Max Verstappen’s Monaco weekend started with something Red Bull hasn’t always had here in recent seasons: a car he actually trusts.
Friday’s practice times won’t win anyone a trophy in Monte Carlo, but they did shift the mood. After arriving with the familiar caveat that the circuit’s bumps and kerbs can expose uncomfortable traits, Verstappen ended the day third in both sessions — and, more importantly, looked at ease doing it. In a weekend where confidence is lap time, that matters.
In FP1, he was half a second off Charles Leclerc’s leading Ferrari. By FP2, with Lewis Hamilton topping the session for Ferrari, Verstappen had trimmed that deficit to 0.168s. It marked his best opening day of a non-Sprint weekend in 2026 so far, a small but telling footnote given how often Red Bull has spent Fridays trying to “find the window” before it can even start thinking about the front row.
“It was quite a positive day, to be honest,” Verstappen said. “We felt quite good in the car, and it is particularly important, especially around Monaco, to have a positive feeling in the car. We just need to work to fine-tune a few things.
“Ferrari is looking really strong, so we will try to be as close as we can to them. We are happy where we are at the moment, but we are always trying to extract more from the car, so let’s see what we can do for qualifying.”
That last line is the key. Monaco is brutal on a car that’s slightly out of phase — a touch too stiff over the bumps, a front end that doesn’t bite on entry, rear traction that arrives half a beat late. You can be “close” on the spreadsheet and still be miles away in reality because the driver won’t commit. Verstappen, by contrast, sounded like someone already thinking in millimetres and small setup calls, not someone asking for a reset.
He also sounded like Verstappen. Asked by Dutch media whether he might wave at his home as he drives past — he’s one of several drivers who live trackside — he delivered a deadpan reminder of how quickly Monaco can punish.
“I don’t know, I haven’t thought about that yet,” he said. “Hopefully, I don’t park it in the wall on the other side. Then I’d be home in no time.”

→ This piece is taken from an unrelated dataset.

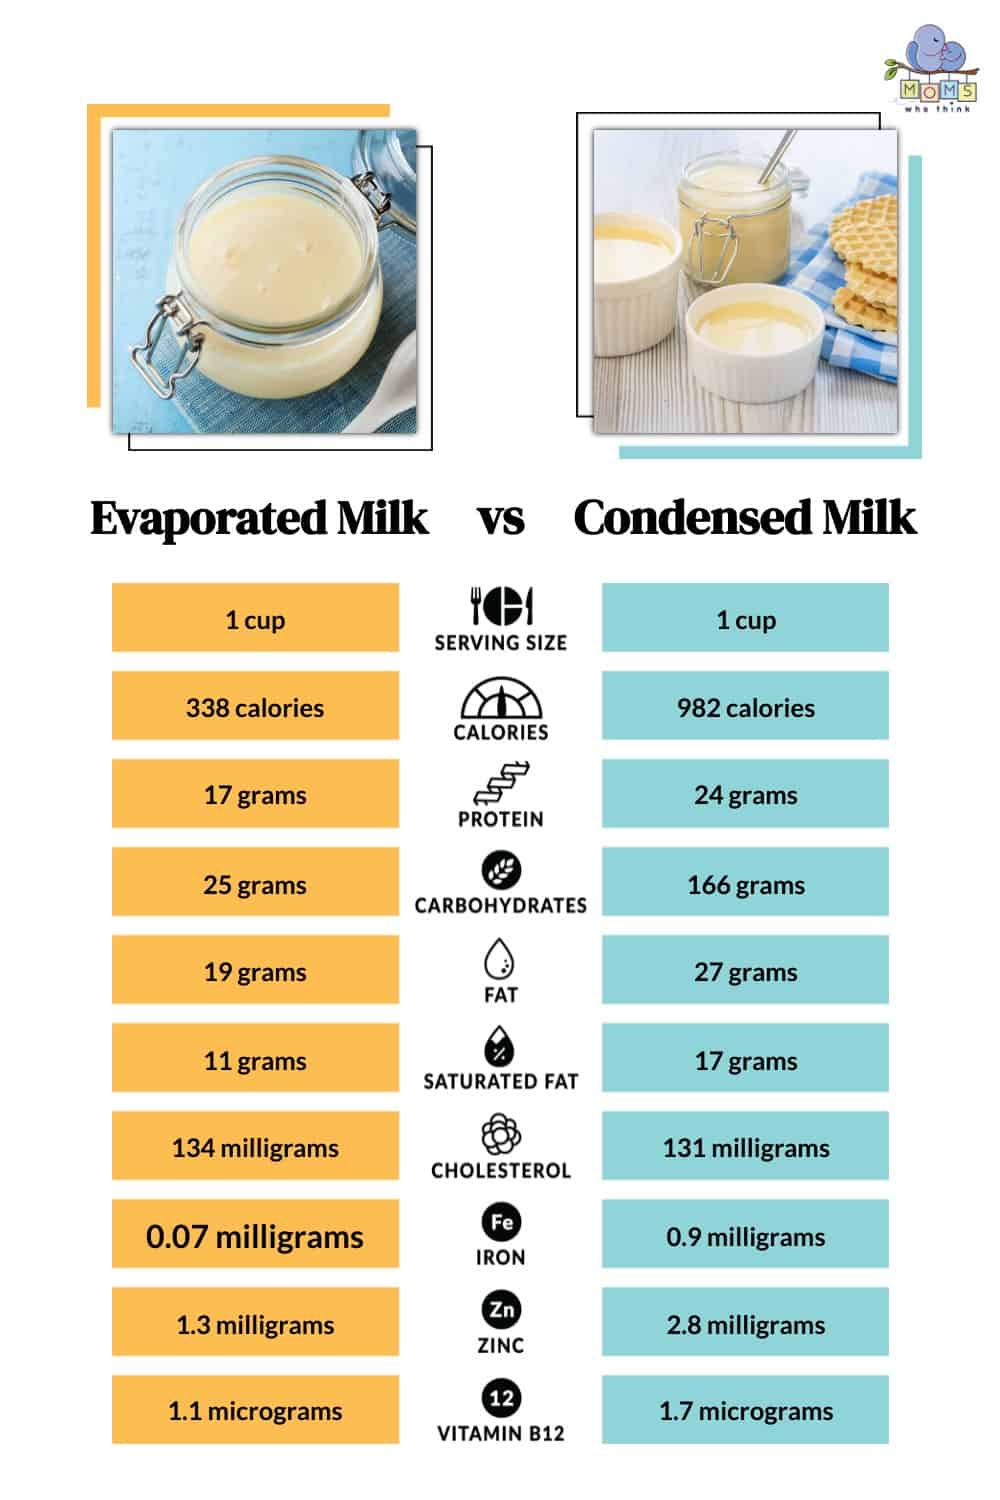 Evaporated Milk vs Condensed Milk Nutritional Facts

It was a joke, but it also underlined the reality: in Monaco the line between a front-row shot and a ruined weekend is a brush of barrier paint. If Red Bull really has a platform that lets Verstappen lean on it, Ferrari’s Friday authority suddenly looks a little less comfortable.
Ferrari still left day one wearing the favourite’s tag. Leclerc led a team 1-2 in both sessions, and Hamilton’s FP2 benchmark backed up the pre-weekend feeling in the paddock that the Scuderia came here with something that works on low speed grip and traction — the core currencies around the Principality. The question now is how crowded the fight for pole becomes.
Leclerc, chasing what would be a fourth Monaco pole, didn’t pretend it’s just a straight duel with his team-mate.
“Max has been very strong. Red Bull have been very strong, and Lewis has been very strong,” Leclerc said. “I’m not so worried, but it’s going to be a tough qualifying for sure, and it will be very tight.”
That’s not the language of a driver who feels he’s got a cushion. Leclerc’s usually pretty good at projecting calm even when he’s twitchy about an outcome, and this read more like an honest assessment: Ferrari is quick, but not quick enough to relax. Not in Monaco. Not with Verstappen in range.
George Russell echoed the same theme from a Mercedes perspective — Ferrari in front as expected, Red Bull closer than anticipated, and everybody needing to find something overnight.
“Yeah, we expected Ferrari to be the guys to beat. A lot of people thought it was just chat, but clearly they are the team to beat,” Russell said. “I think Red Bull have also been a bit of a surprise for us.
“We knew out of the races so far this was going to be our most challenging. We need to make the same step again overnight and I don’t think we nailed it today. There is room to improve, but definitely Ferrari are the team.”
Monaco practice can always mislead — fuel loads, traffic, a well-timed lap versus a ruined one — but the broader picture is hard to ignore. Ferrari looks legitimately strong, as it has all season, and the car seems to generate its time in the places that matter here. Yet Red Bull’s story is the more interesting development: a Friday where Verstappen isn’t fighting the RB22, isn’t talking about survival, and isn’t leaving the paddock sounding like he needs a miracle.
Qualifying will decide the plot, as it almost always does in Monaco. But Ferrari’s “home” weekend just picked up an extra problem: Verstappen doesn’t seem to be arriving merely to limit the damage. He’s arrived believing there’s something to play for — and around these streets, that belief can be worth a couple of tenths on its own.